Creepy Clown copycats are springing up all over the nation. There have been cases in almost a dozen states of which I am aware, now they have reached the small town of Tchula, Miss. Their Police Chief Kennth Hampton has a warning for the perpetrators:
“I am more afraid for the clown than I am for the citizens because pretty much everyone here has shotguns,” Chief Kenneth Hampton told WAPT News last week. “The bottom line is, if he’s running around with a sword or a machete, he’s subject to get shot in this area.”
The chief, who has actually seen the clown for himself, is baffled. “I still don’t understand,” he said. “I think it is some type of trend. He added, “It is basically a bunch of idiots running around in clown suits without any regard for their life.”
Hampton says he has received several complaints in the past week about people dressed in creepy clown outfits terrorizing people who live in the community.
Eyewitness Kajarius Johnson said, “I stopped for a minute — and girl — I had to look and see if he was really real!” Johnson told WAPT he dialed 911 and said, “I need allthe deputies out. I’m talking about ALL because the clowns are in Tchula!” He also told WAPT that he has seen clowns in his neighborhood with guns. “The clown that we saw walking along the [railroad] tracks — he had a gun in his hand,” he said.

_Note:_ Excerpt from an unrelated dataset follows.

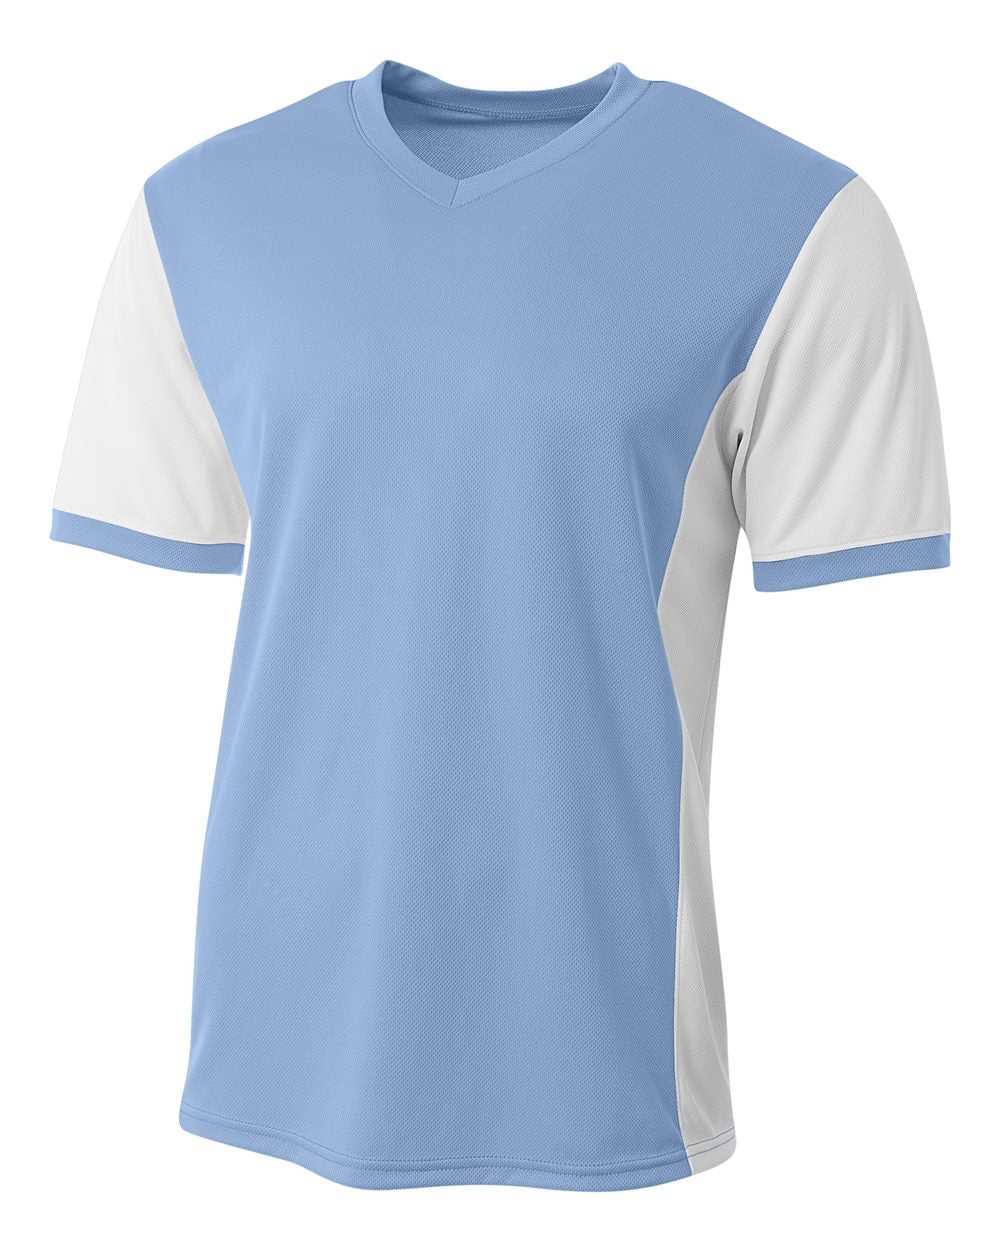 A4 N3017 Premier Soccer Jersey - Light Blue White - HIT a Double

The no-nonsense police chief described the subject he saw during a recent patrol. “He had on coveralls, some old coveralls and an Afro wig with multi colors — ya know, like the clowns wear — and something over his face,” he said.
Hampton added he couldn’t believe what he was seeing at first, but noticed that the clown was wielding “a sword or a machete” which he found somewhat alarming. Unfortunately, the clown fled on foot in the direction of some apartments and managed to evade arrest.
We previously brought you a story of one clown that got shanked in a prank gone wrong. Tragic though it might be, it is only a matter of time before one of these idiots does get killed. Watch how fast the copycats dry up when someone finally claims their Darwin Award.